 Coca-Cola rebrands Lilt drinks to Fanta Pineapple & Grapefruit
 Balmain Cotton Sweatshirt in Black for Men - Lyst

--

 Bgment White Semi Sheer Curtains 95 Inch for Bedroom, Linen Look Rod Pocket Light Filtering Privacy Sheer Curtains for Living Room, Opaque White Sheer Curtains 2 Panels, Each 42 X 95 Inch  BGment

==

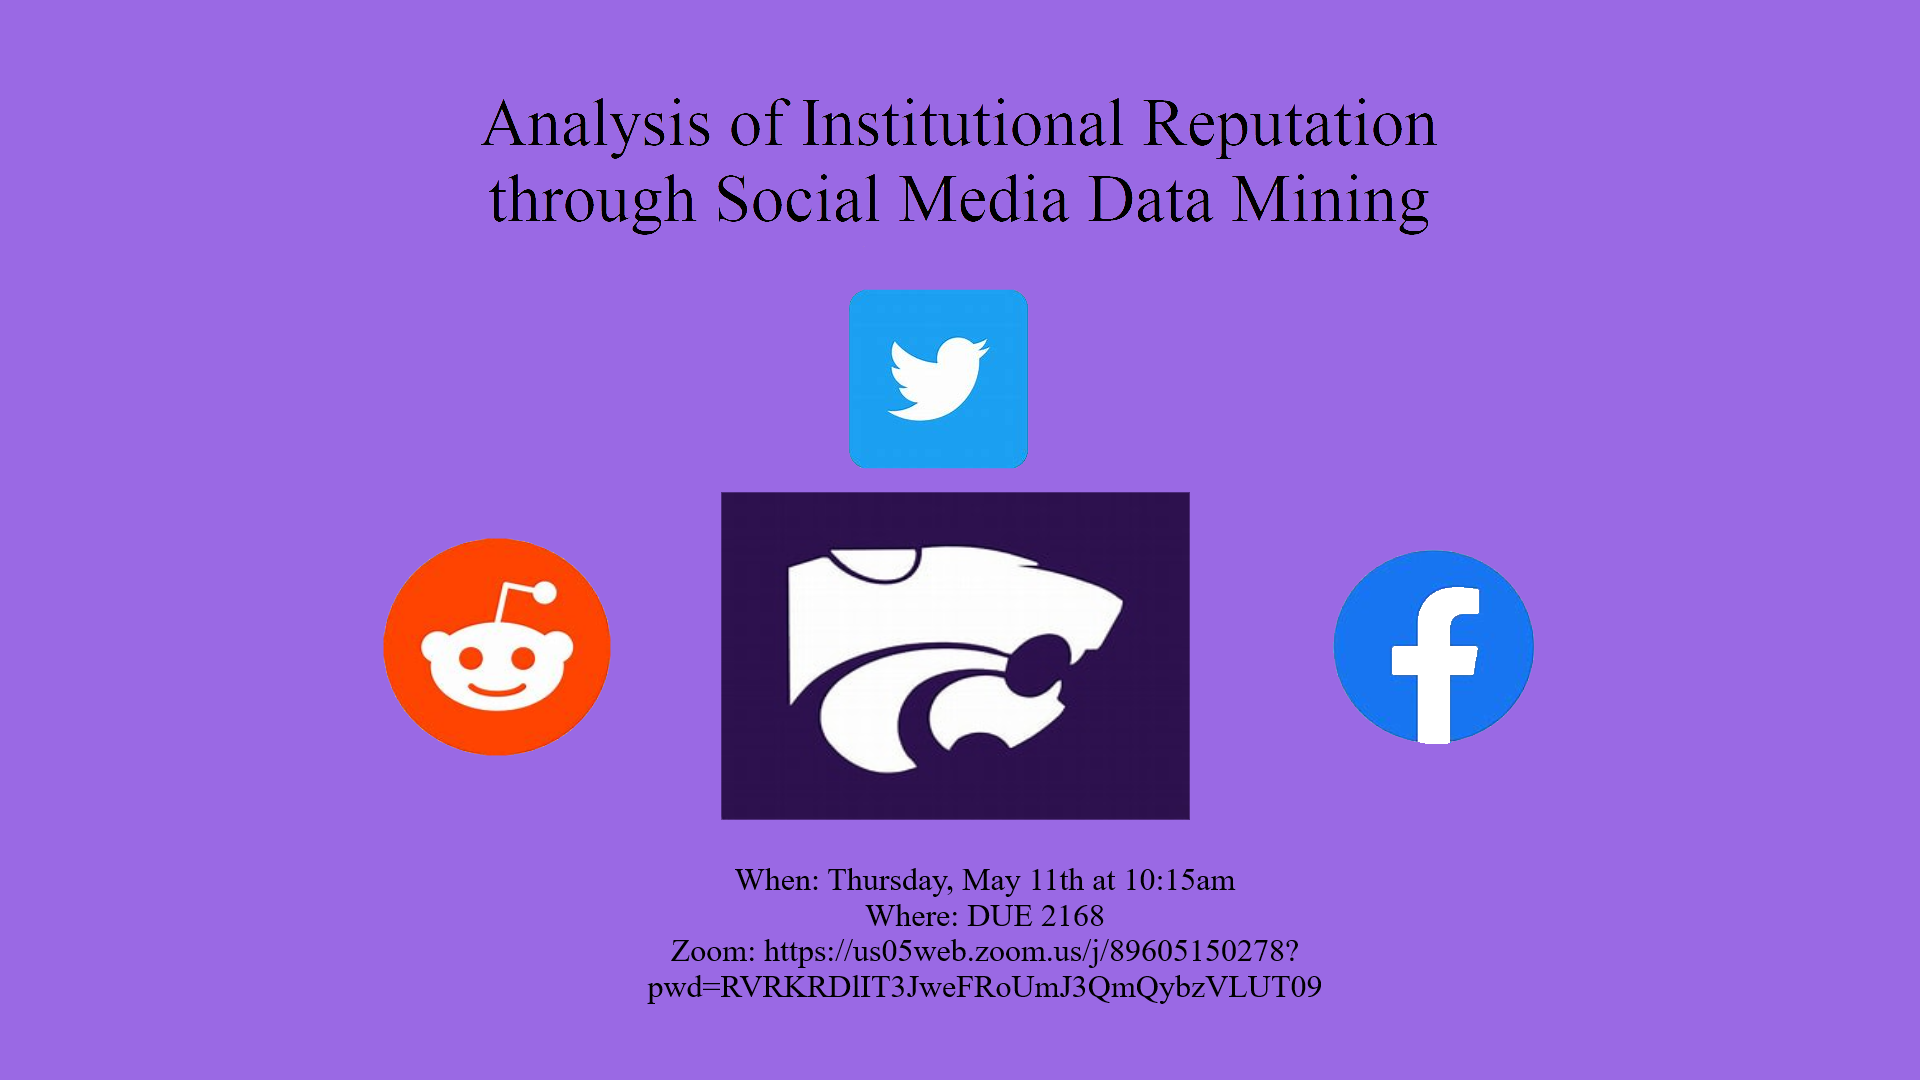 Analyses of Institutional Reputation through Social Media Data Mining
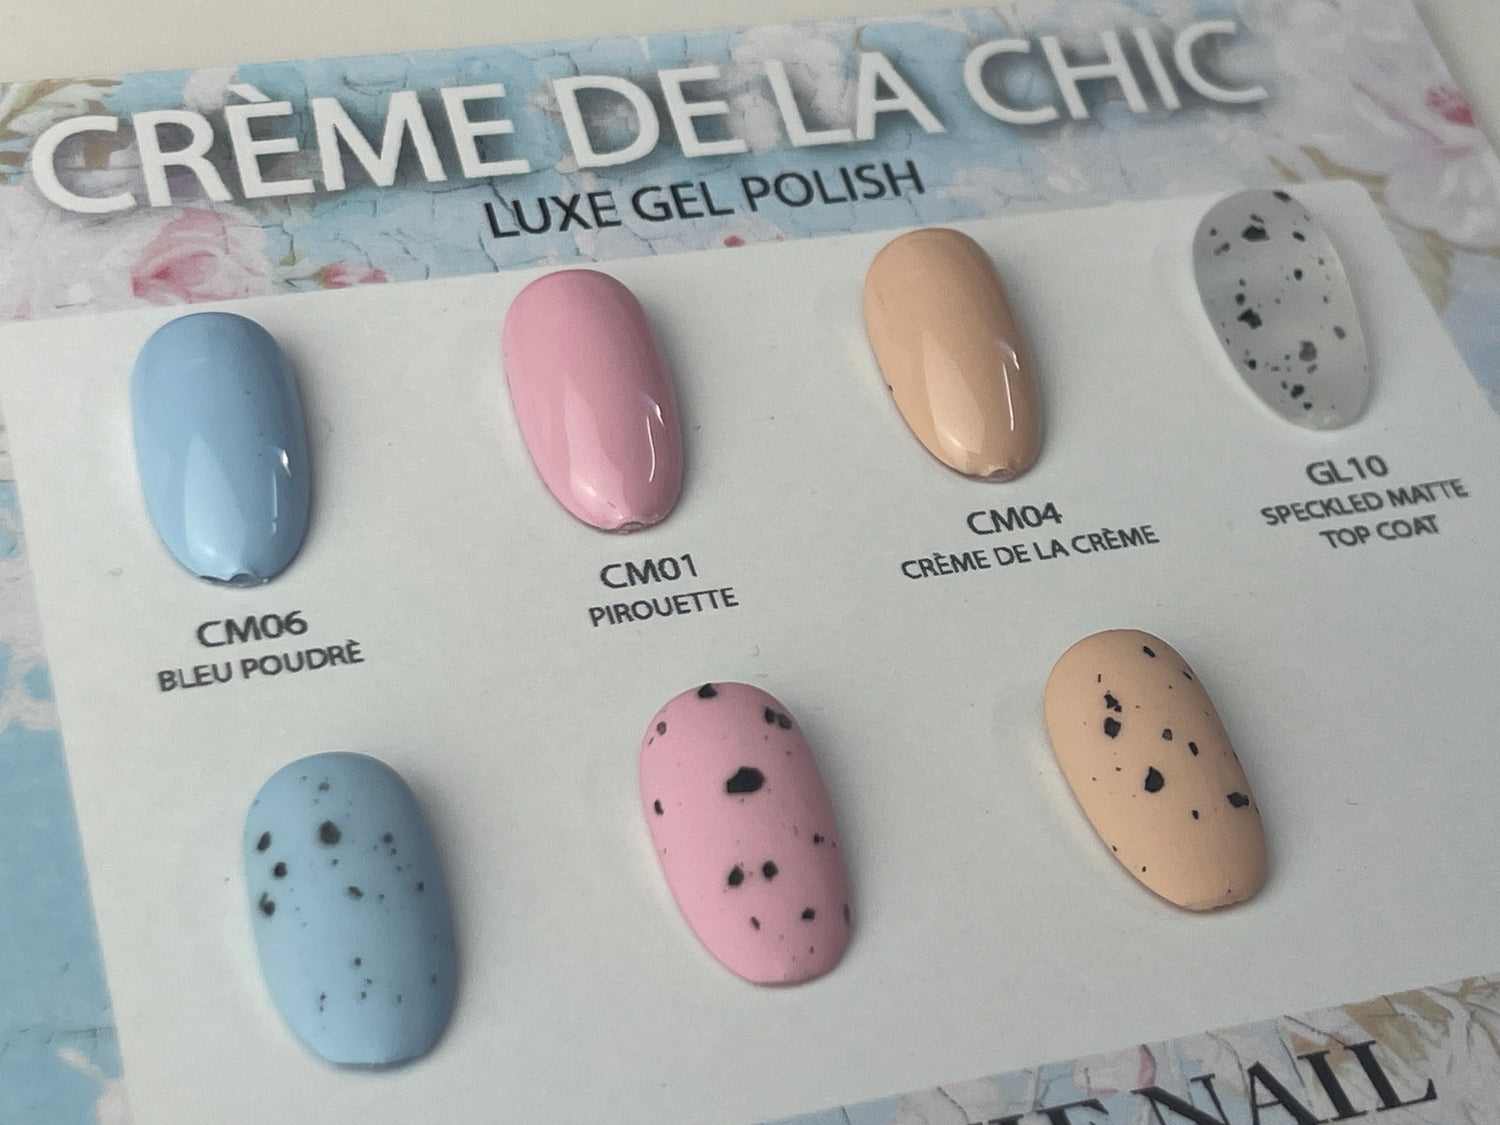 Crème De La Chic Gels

Work request
Go through the material above and output exactly the lines from the one containing "Coca-Cola rebrands Lilt" through the one containing "Balmain Cotton Sweatshirt".

The completed task
 Coca-Cola rebrands Lilt drinks to Fanta Pineapple & Grapefruit
 Balmain Cotton Sweatshirt in Black for Men - Lyst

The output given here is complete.